こば主♀短編

My Dearest


『小鳩先輩お誕生日おめでとうございます』

 日付が変わって真っ先に目に入ったのはこのメッセージだった。スマホからは他のメッセージを告げる通知音が鳴り続けているがこの画面から動けないでいた。
 一瞬だけ考えたのち、押し慣れた電話のマークをタップする。二回コール音が鳴ったところでもしかしてもう寝てしまったかもしれないと思った。次ダメだったら切るかと諦めていたら、もしもし、と少しだけ眠たそうな声が聞こえてきた。
「悪い。もしかして寝てた?」
「いえ、起きてましたよ。返事来ないかなって」
 その言葉に心拍数が上がるのを感じる。待っていてくれたのかと思うとかわいくてしょうがない。
「改めて、小鳩先輩お誕生日おめでとうございます」
「おう、ありがとよ。ブッチョが一番最初だったぜ」
「本当ですか? うれしい。明日……じゃなくて今日は先輩の好きなものいっぱい作りますね」
「そりゃ、楽しみだ。ブッチョの料理うまいからな」
 誕生日の日家に来ませんかと言われたときは正直驚いたが、部長は至って普通に誕生日会的なものをしようとしただけだった。やましいことを考えてたのは自分だけだった。
「喜んでもらえるようにがんばりますね」
 普段聞くことのない眠たそうなふにゃふにゃとした声。今どんな顔をしているのだろうか。 今すぐ会って顔が見たい。リドゥだったら可能だったかもしれないが、さすがに現実世界では無理な話だ。
「……あ、私とこんなに話してて大丈夫ですか?友達から連絡とか」
「そんなたいそうな友達いねぇよ。それに今はブッチョが一番大事だから」
「それはうれしいですね。でも、友達は大切にしてくださいよ」
「ちゃんと後で返信するよ。
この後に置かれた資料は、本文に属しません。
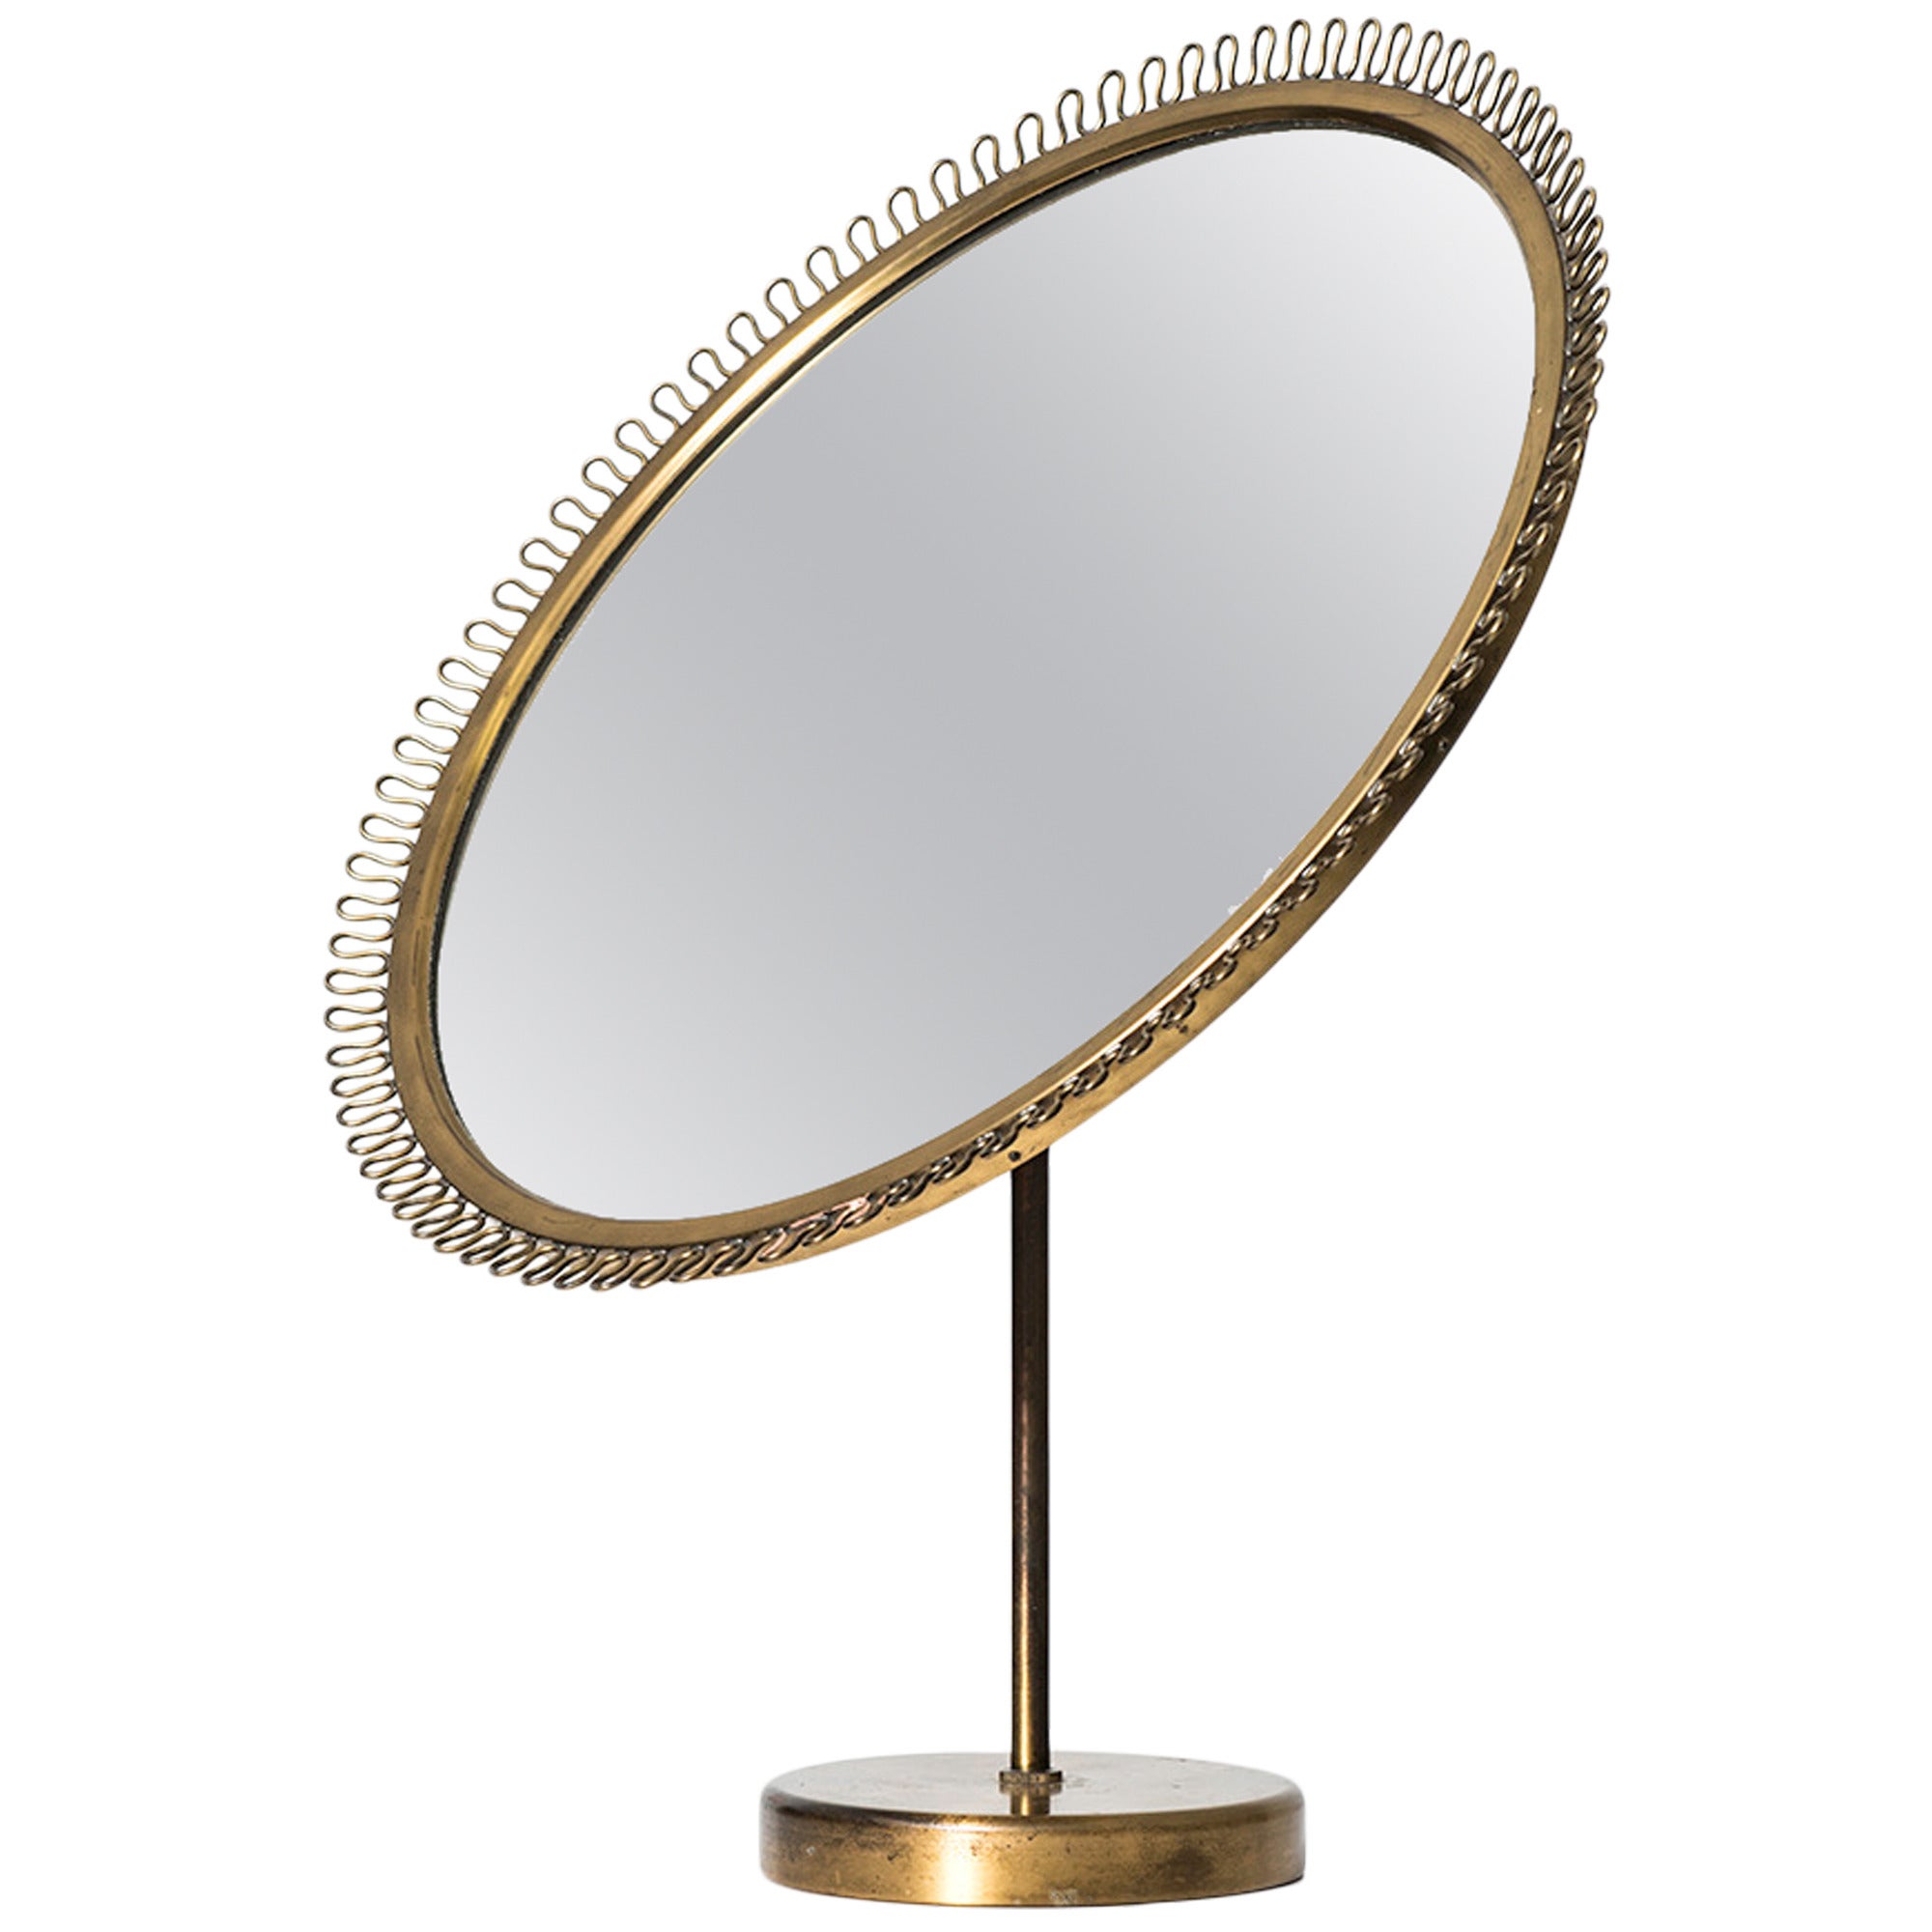 Josef Frank Table Mirror Produced by Svenskt Tenn in Sweden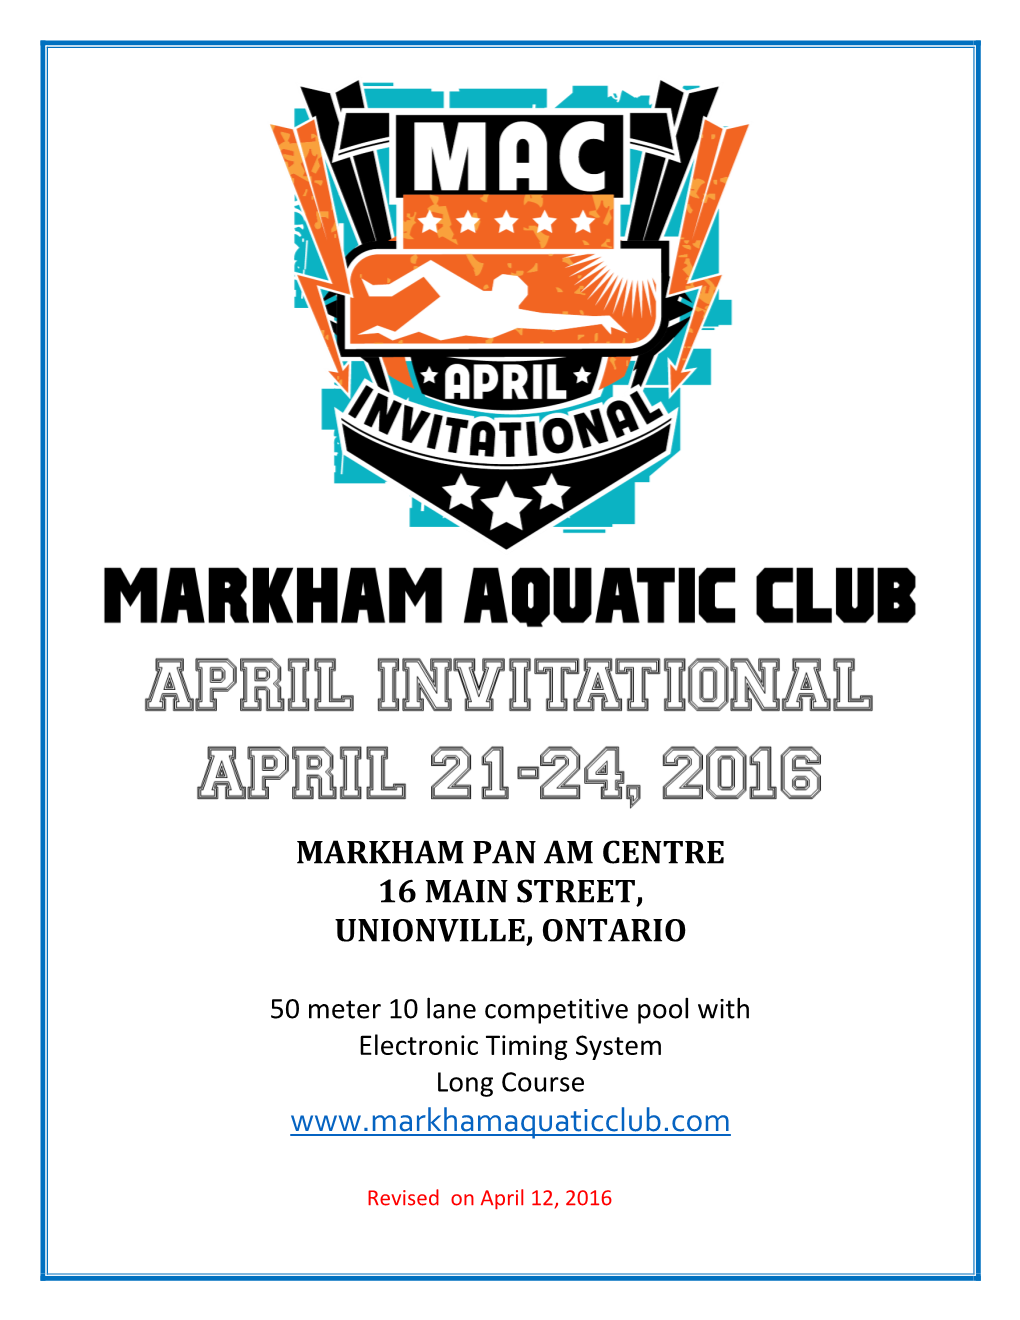 Markham Pan Am Centre 16 Main Street, Unionville, Ontario

どーせ、帰宅部の奴らからも送られてるだろーし」
 今頃帰宅部のグループWIREではいろいろなメッセージが飛び交っていることだろう。
「でも、あんまり長く話すのは悪いですからそろそろ寝ますね」
「え〜、まだ話そうぜ」
「どうせ、また会うんですから。そのときにしましょう。やっぱり顔見て話したいですし」
 部長が自分と同じ気持ちだったようでうれしく思う。普段はあまりストレートにこういうことを言ってくれないので、本当に眠たいのだろう。眠気でぽやぽやしている部長もまたかわいいものだ。
 名残惜しいところではあるが、そろそろ部長を寝かせてあげよう。そう思って、声を掛けようとしたとき
「……小鳩先輩」
「ん? 何? まだ話し足りない?」
 まだ眠たげな声が名前を呼んだ。話し足りないのであれば寝落ちするまでとことん付き合うのもいいかもしれない。なんだか恋人っぽいし。

「えっと、今日は特別な日なので。……小鳩先輩のことが大好きです」

 どこか甘い声が耳を撫でていった。頭の中で反芻するがうまく飲み込めない。
「エッ⁉ 待ってもう一回‼」
「もう言いません。寝ます。おやすみなさい」
「待って待って待って!」
「え〜」
 ここで律儀に待ってくれるからまた好きの気持ちが溢れてしまう。
「オレにも言わせて。ブッチョのことが大好き。愛してるよ」
 しばしの沈黙。
「……目が覚めました」
「それは悪かった。でも、ほんとのことだし」
「……分かってますよ」
 小さな声だったがしっかりと小鳩の耳には届いていた。自然と口元が緩むのを感じる。
「じゃあ、もう本当に寝ますね。おやすみなさい」
「おやすみ」
 まさか日付が変わった瞬間に一番に祝ってくれるとは思っていなかった。こうして少しの間話すこともでき、心が満たされたような感覚だ。
 突然、眠気が襲ってきてあくびを一つこぼす。そろそろ自分も寝るとしよう。たくさん来ているであろうメッセージは朝起きてから少しずつ返すとするか。
 最愛の人の顔を頭に浮かべ、今日のことに思いを馳せつつ静かに眠りにつくのだった。